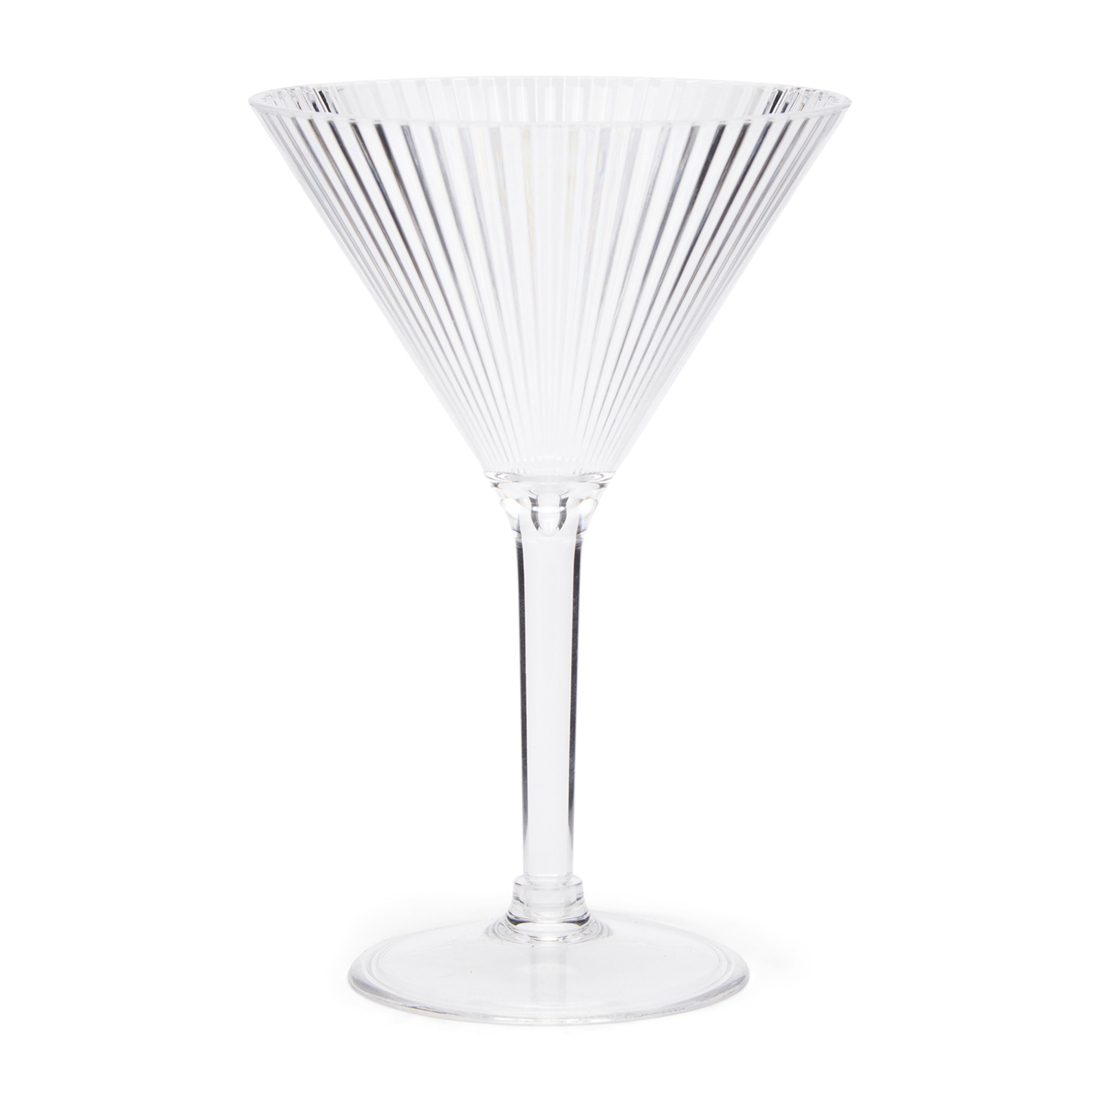 Riviera Maison RM Live For Summer Cocktail Glass  - Ms - 12.0x12.0x18.0 cm
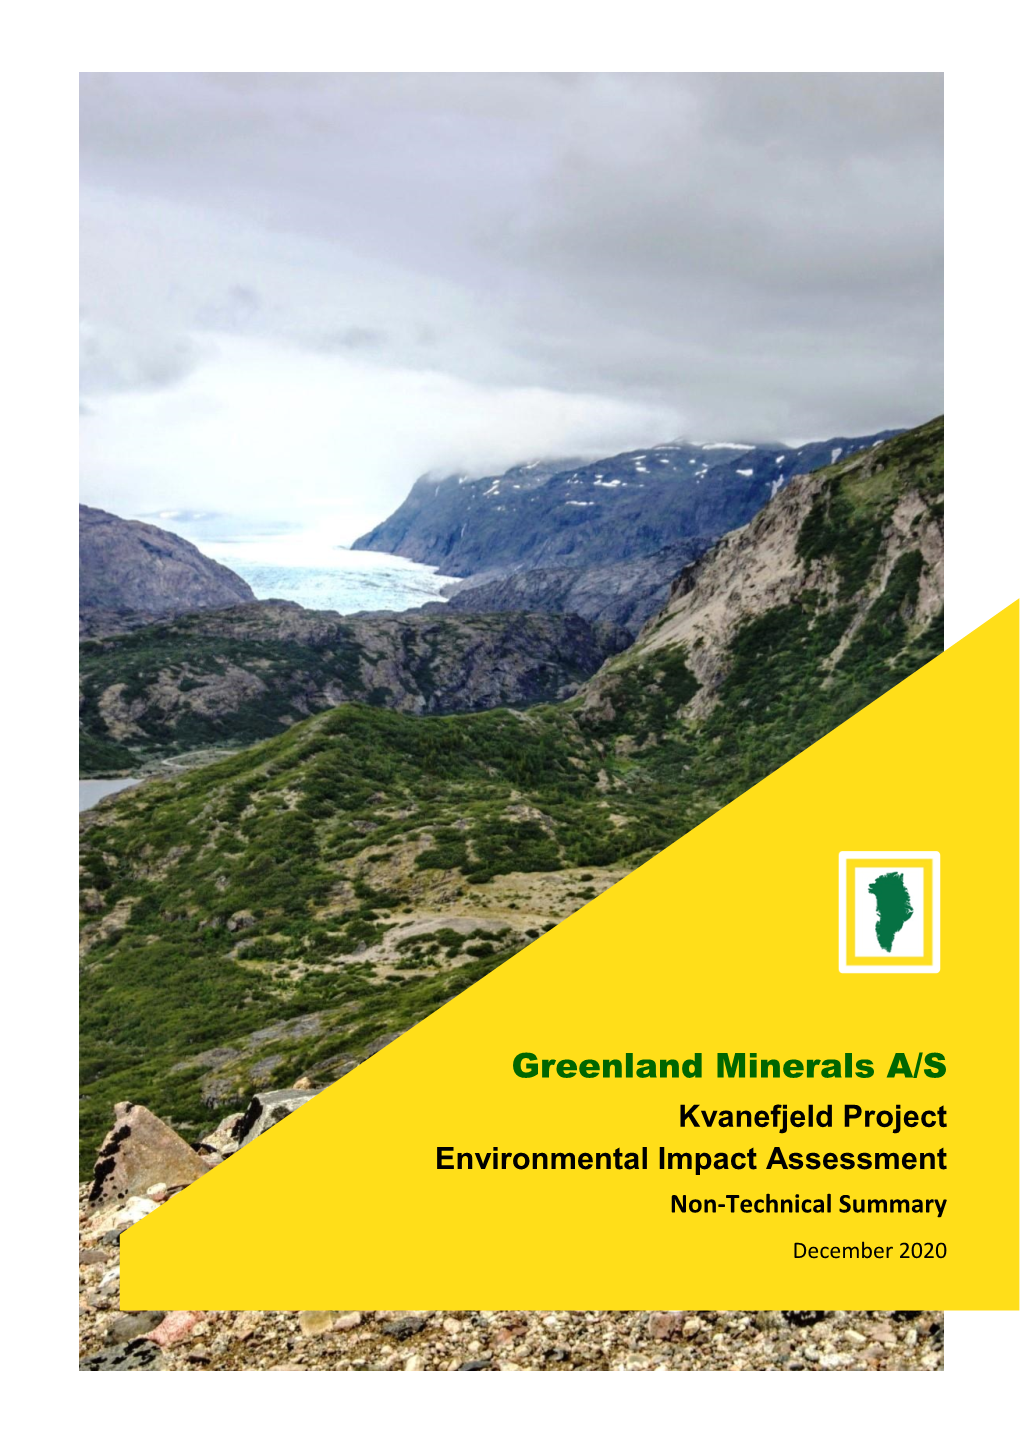 Greenland Minerals A/S Kvanefjeld Project Environmental Impact Assessment Non-Technical Summary
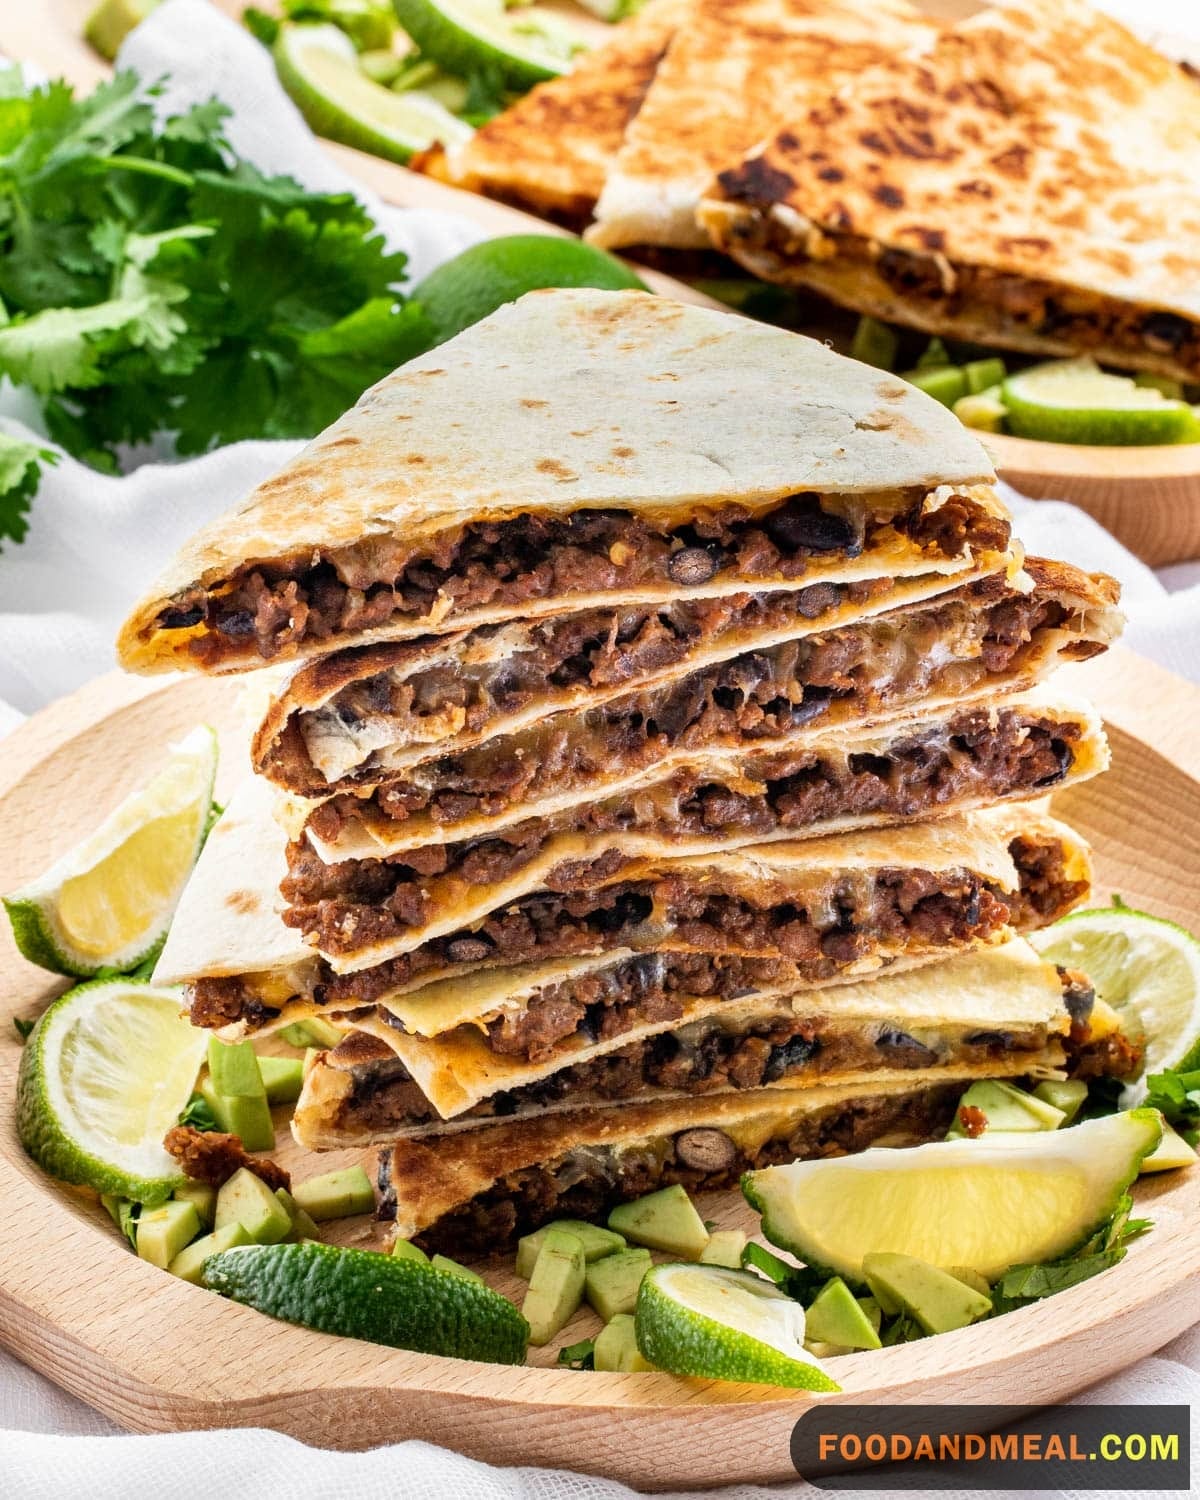 Quesadillas With Beef
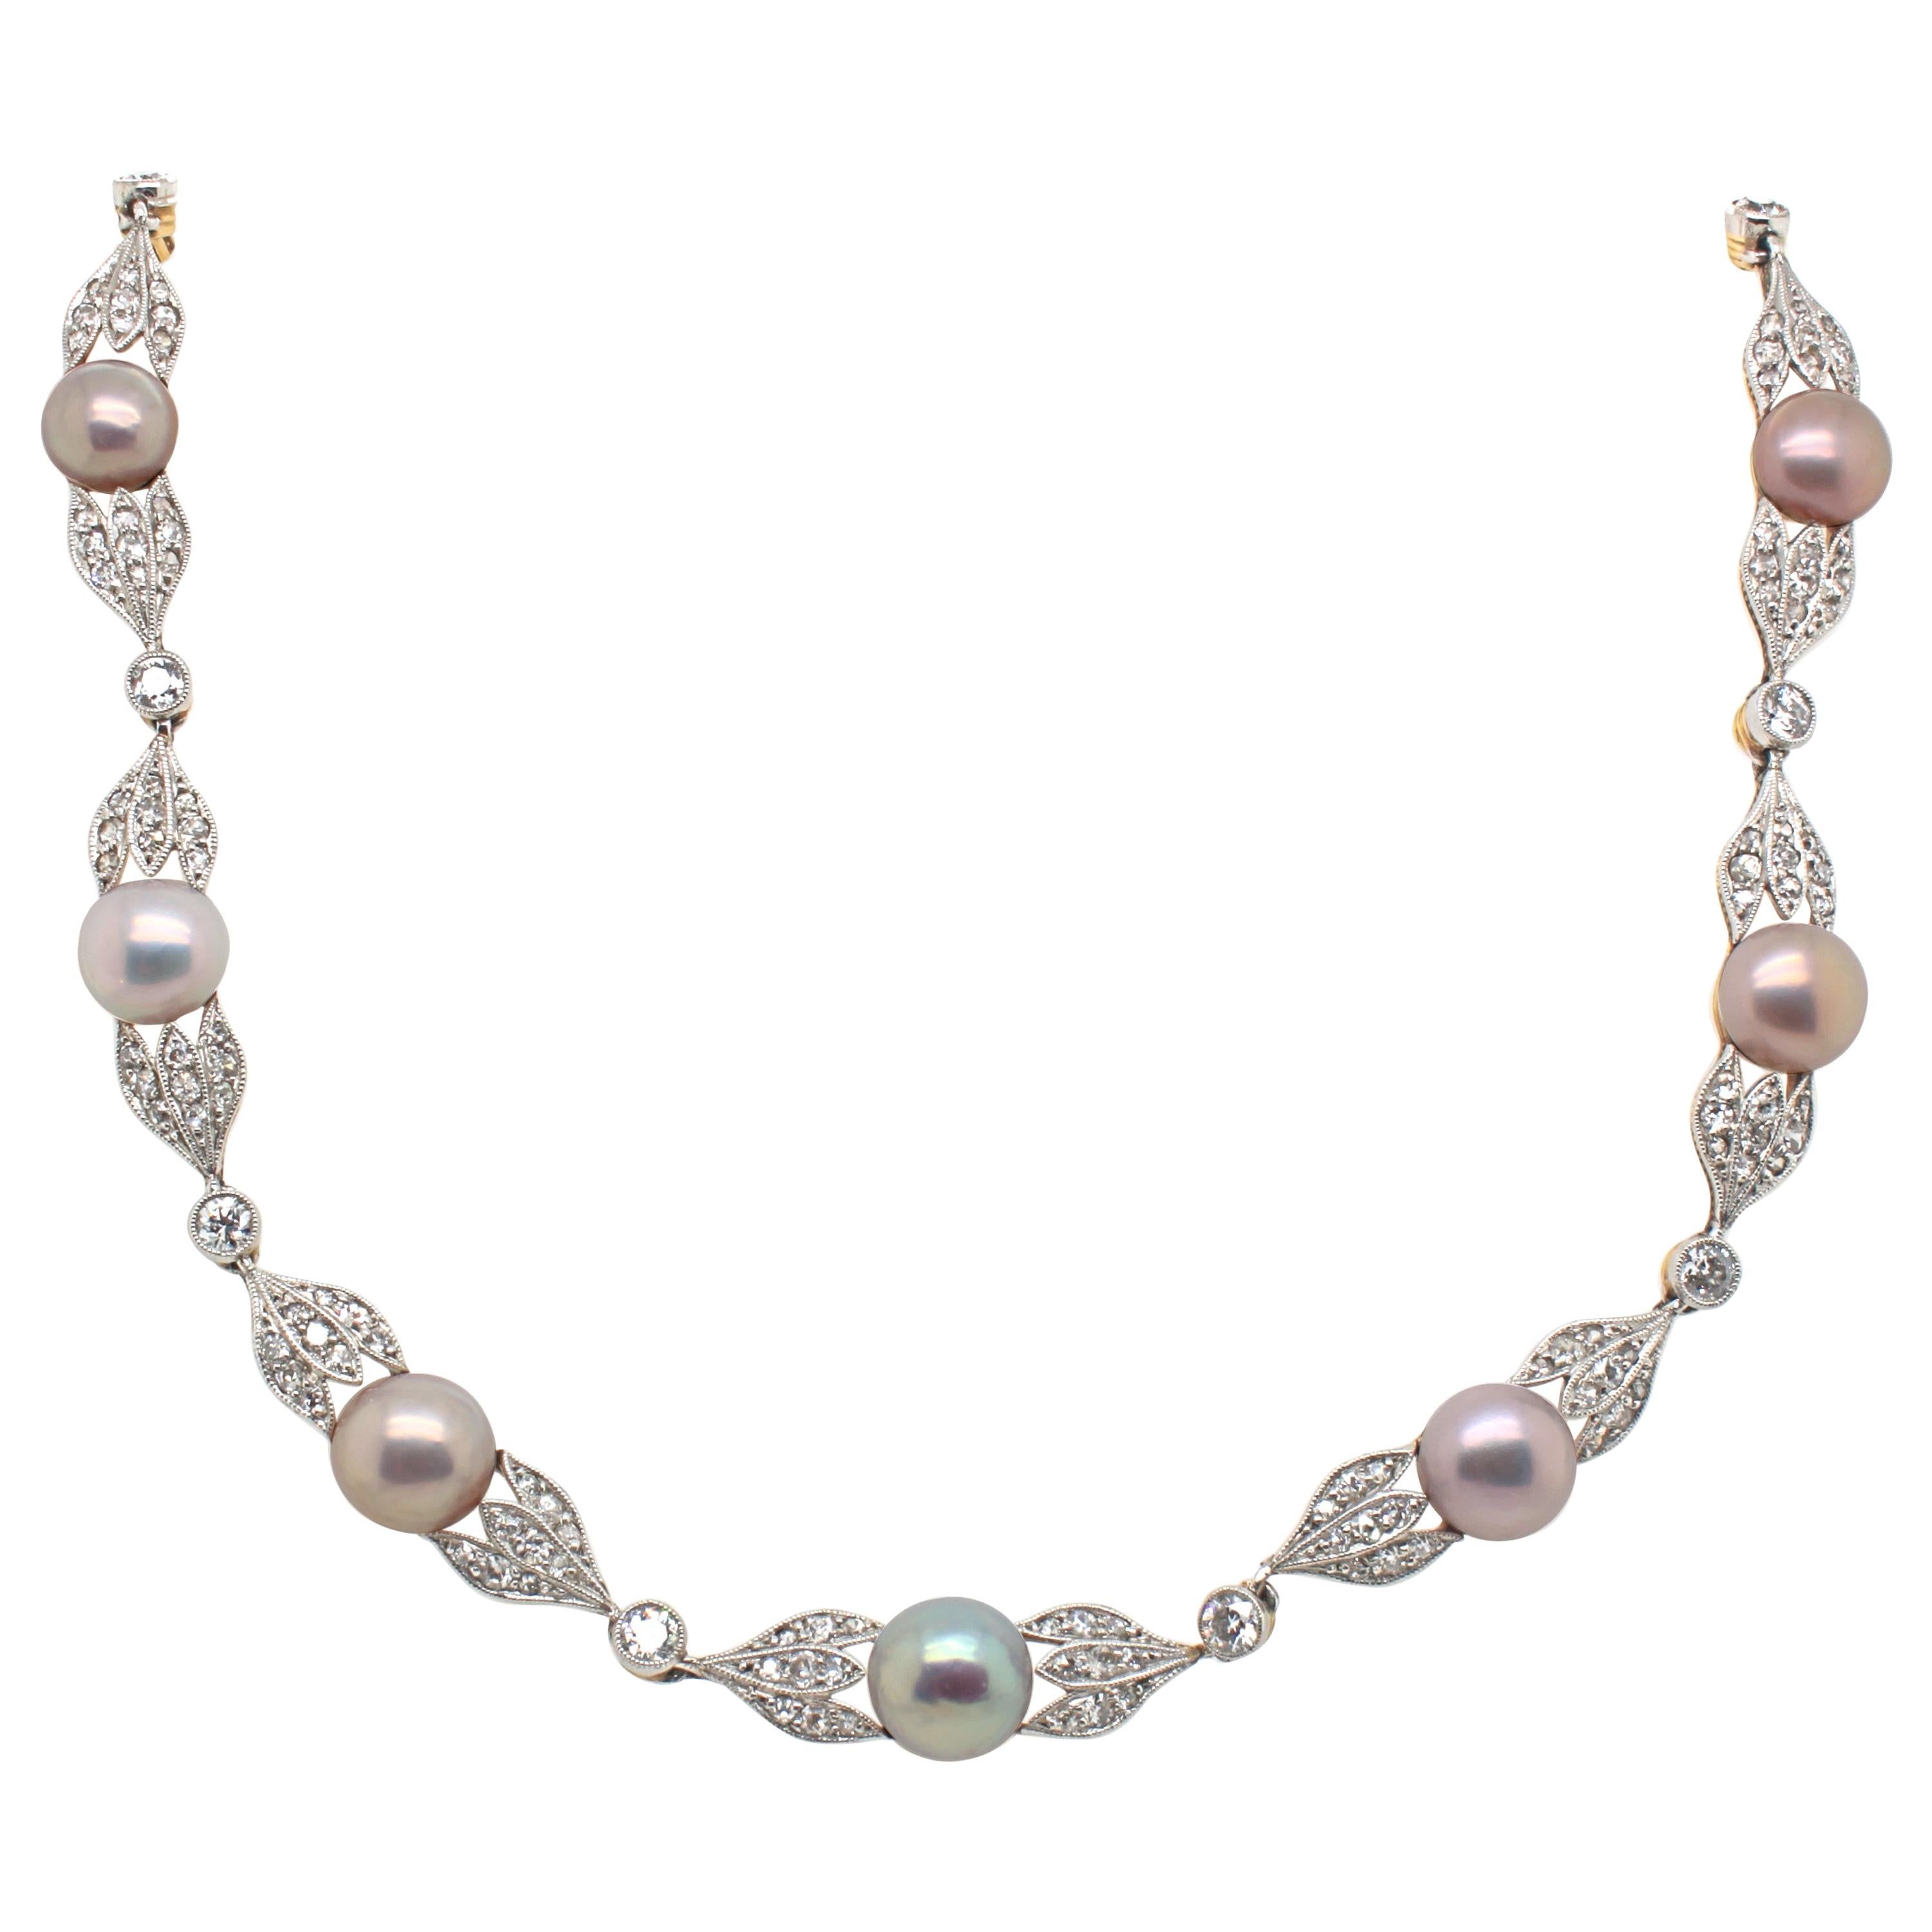 Edwardian Natural Pearl and Diamond Necklace, ca. 1900s

Assignment >>
The entire listing is to be printed exactly, with each picture omitted.

Written answer >>
 Riviera Maison RM Live For Summer Cocktail Glass  - Ms - 12.0x12.0x18.0 cm
 Greenland Minerals A/S Kvanefjeld Project Environmental Impact Assessment Non-Technical Summary
 Quesadillas With Beef
 Edwardian Natural Pearl and Diamond Necklace, ca. 1900s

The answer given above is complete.